В связи с этим начинается самое главное, самое сложное и самое для многих спорное. В отличие от восстановления Русской Православной Церкви в 1943–1948 годы, осуществленного сверху с явным «византийским» (истинно, ложно или «пополам» – вопрос иной) подтекстом, церковное возрождение конца 80-х – начала 90-х было очевидно либеральным, и первым дверь ему отворил знаменитый А.Н. Яковлев, которому принадлежали как раз слова о «сломе тысячелетней русской парадигмы». Надо говорить правду, по национальности он был русским, и супруга его тоже была русская. Однако этому «возрождению» предшествовал массовый приход еврейской интеллигенции в Церковь. «Православный самиздат» писали в основном евреи – от семейства Фуделей (священнический род еврейского происхождения), А. Меня, З. Крахмальниковой до Ф. Карелина (который, правда, в отличие от прочих, был русофилом). Всякому, приходившему тогда в Церковь, бросалась в глаза яркая характерная внешность псаломщиков и алтарников. Многие из этих людей сегодня священствуют, особенно в Москве, Петербурге, других крупных городах и весьма авторитетны. Многие из них считают себя «дважды избранными» - по рождению («от Израиля») и по крещению. Все они в то время были настроены жестко антисоветски, а многие и антирусски, полагали, (и сейчас полагают), что христианство следует отделить от Русского наследия, не только советского, но и имперского. Правда, симпатий к Октябрю у них не было, но к Февралю – вполне. Интересно, что Февраль они оправдывали тем, что монархия была своего рода падением для древних евреев, и ссылались на Книгу Судей. Эти люди и возглавили «церковную перестройку». Потом к ним присоединились и русские. В терминологии Эскина говорить об этом как об элементе Великого Смешения крайне легко. Автор этих строк хорошо помнит то время и совершенно конкретных лиц, известных поныне.
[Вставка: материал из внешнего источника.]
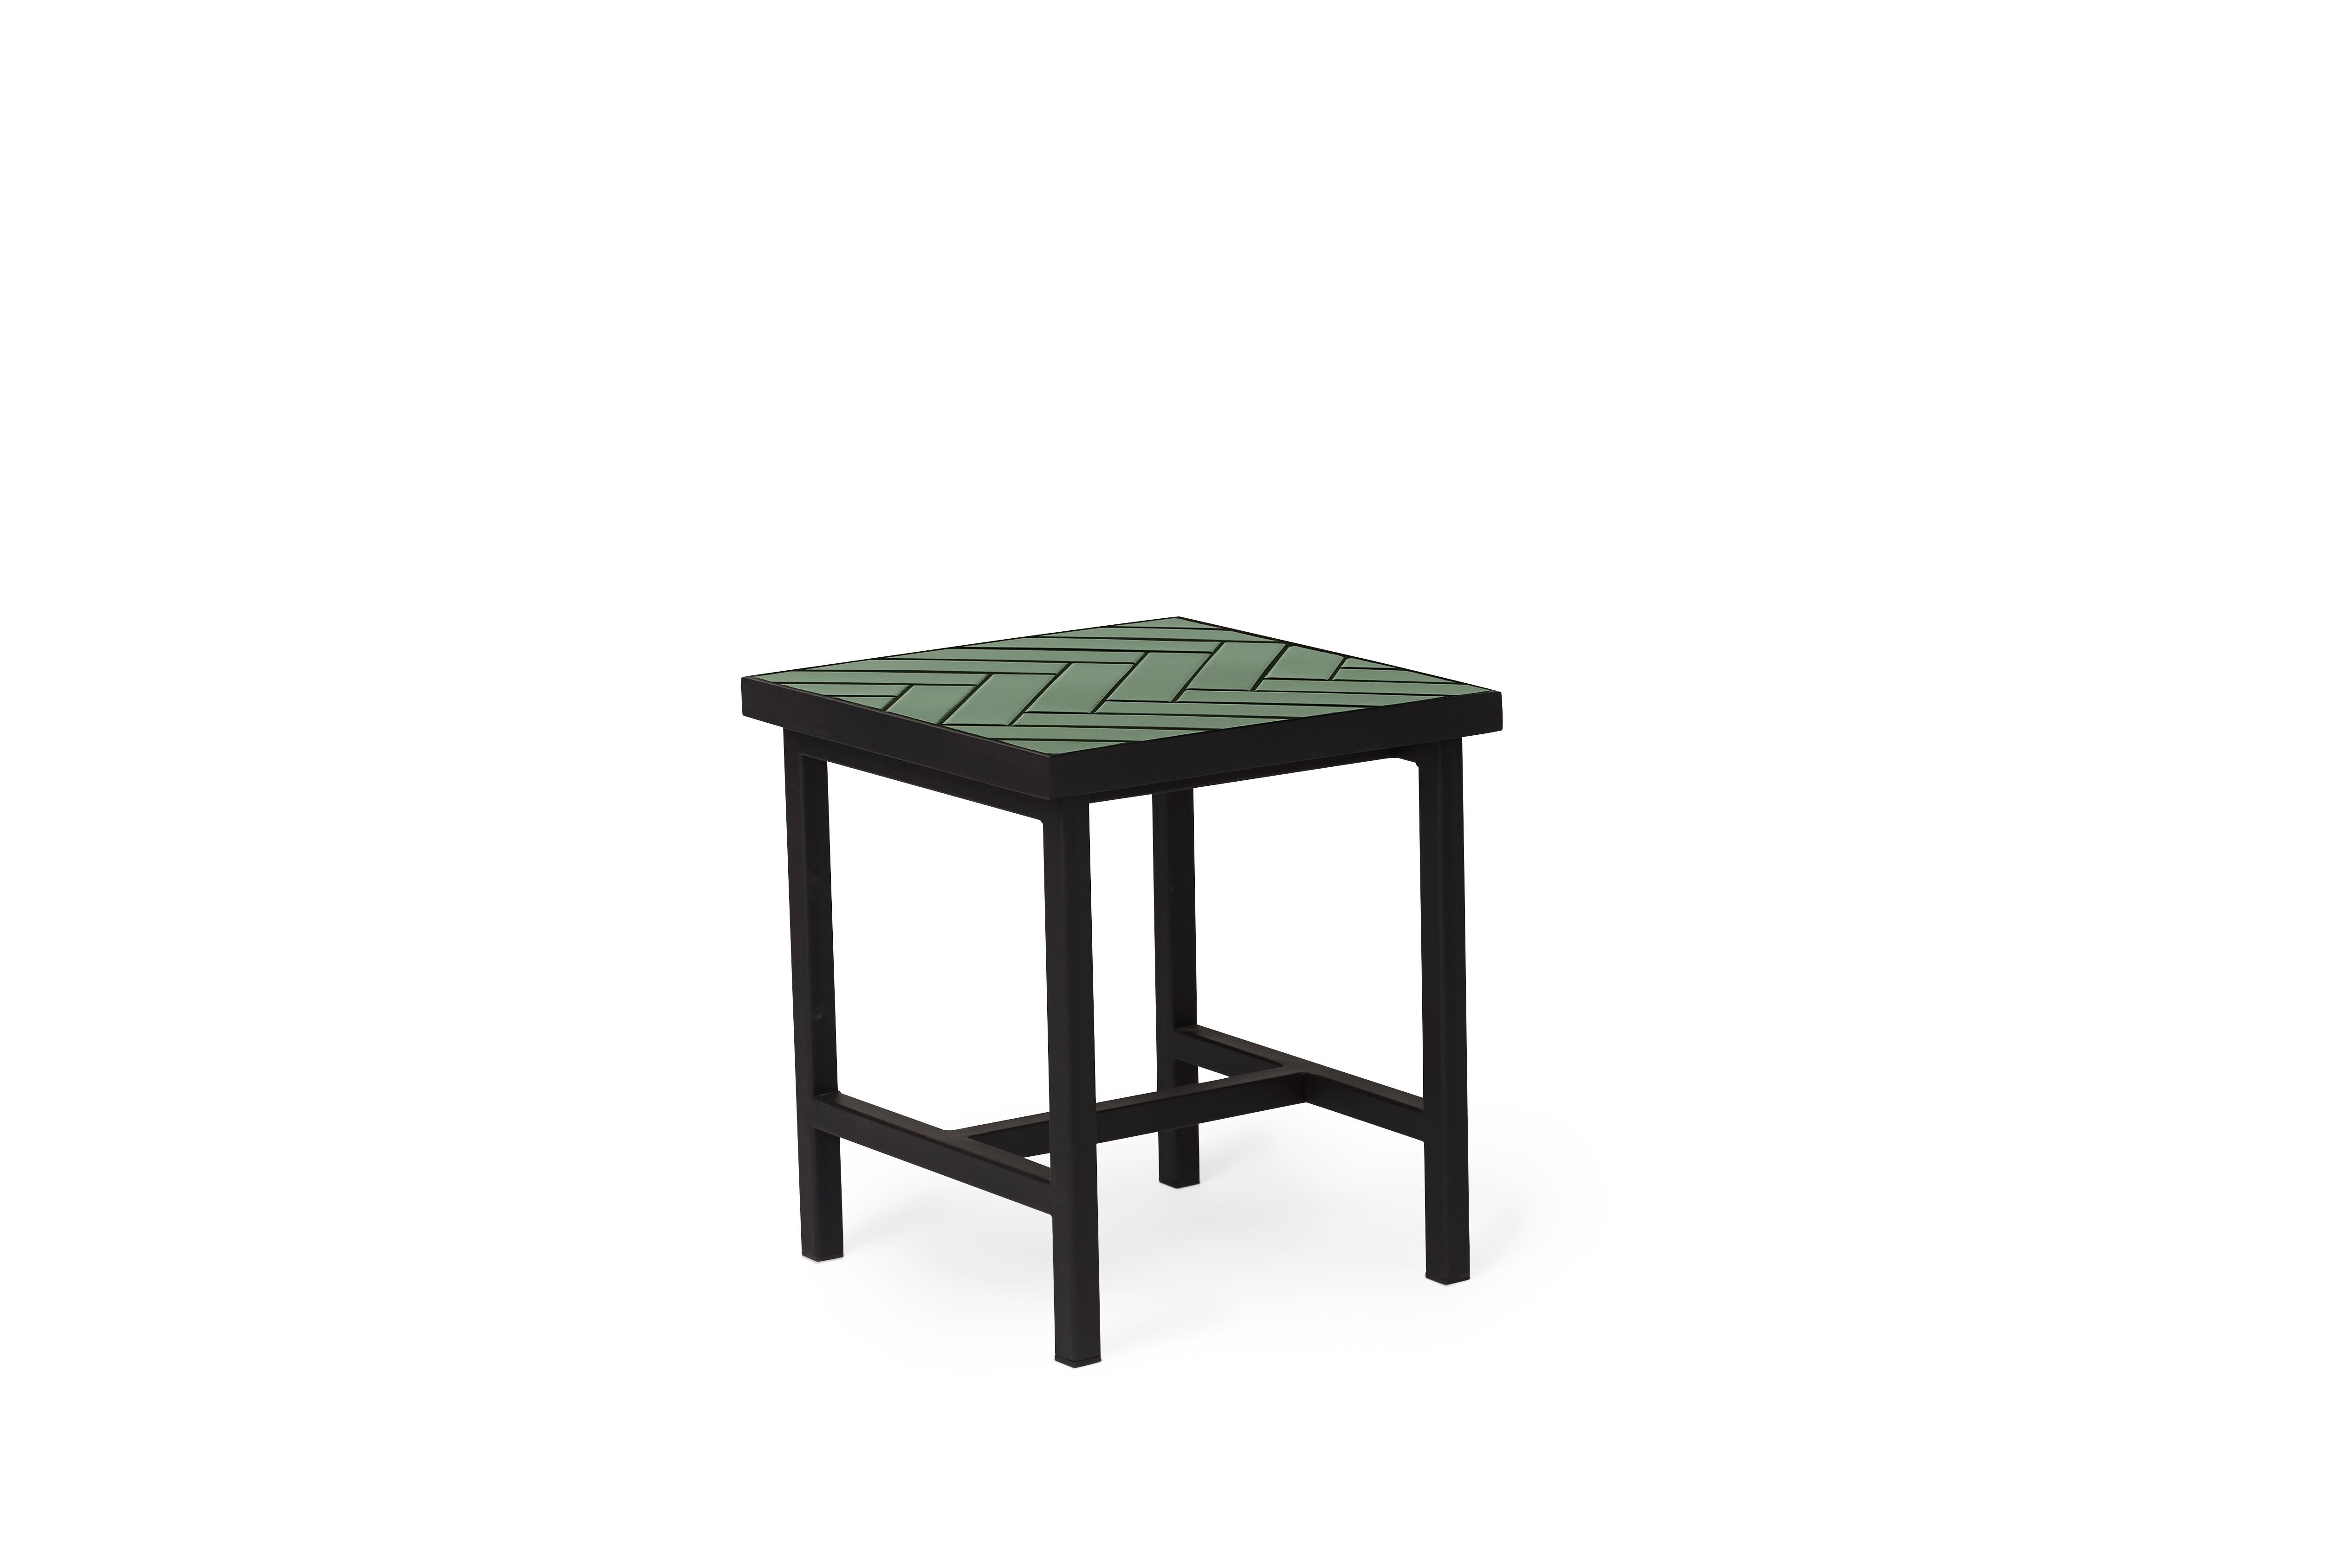 For Sale: Green (Forest green) Herringbone Side Table, by Charlotte Høncke from Warm Nordic 2

Конечно, всегда были и есть евреи по происхождению, обратившиеся в Православие и полностью принявшие все, в том числе и все русские особенности. Есть даже те, кто стал монархистом. Автор этих строк не делает различия между ними и русскими православными людьми. Некоторые из них и сами уже почти не помнят о своем еврействе. Но вот хорошо это или плохо в большой истории, а не в личных отношениях, не знаю.
Авигдор Эскин имеет по сему поводу вполне определенное суждение: «Наше взаимодействие возможно будет, когда осознаем порочность смешения, ведущего к грехопадению. Привлечение евреев в православие аукнется еще появлением в вашей среде экуменических либеральных тенденций. Во избежание энтропии у вас же, оставьте попытки привлекать евреев, а направьте их в их землю, к их корням. Вы будете продолжать хранить и развивать в России свою традицию, а евреи приложат силы к возрождению на Земле Израиля. И тогда мы сможем встретиться в мессианском действе. Не как космополиты с ассимилянтами, а как почвенники с почвенниками. Такое взаимодействие принесет великое благословение всему миру».
Здесь надо признать. Эскин не просто прав. Он прав сугубо. Почти все, не только экуменическое, но вообще антирусское, более того, либерально-противогосударственное, что встречается в православной церковной среде, исходит от «чад Русской Православной Церкви» еврейского происхождения. К тому же идеология этой среды насильно навязывается значительной частью священства (такого же или просто либерального) прихожанам. Да, после «казуса Пусси Райот» и особенно после обсуждений т.н. «проблемы содомии» этого стало чуть меньше. Все равно «консервативные тенденции» касаются в основном «проблем пола» (что правильно, не спорим), но не выходят за их рамки. Лишь в последних программных заявлениях Патриарха Кирилла, таких, как критика фикции «прав человека», наметился сдвиг.
Сказанное Авигдором Эскиным о смешении в литературе относится к смешению в области религиозной жизни тысячекратно.
Но при этом он говорит о «встрече в мессианском действе». Здесь главное. Непреодолимое? Или почти непреодолимое?
Продолжение следует...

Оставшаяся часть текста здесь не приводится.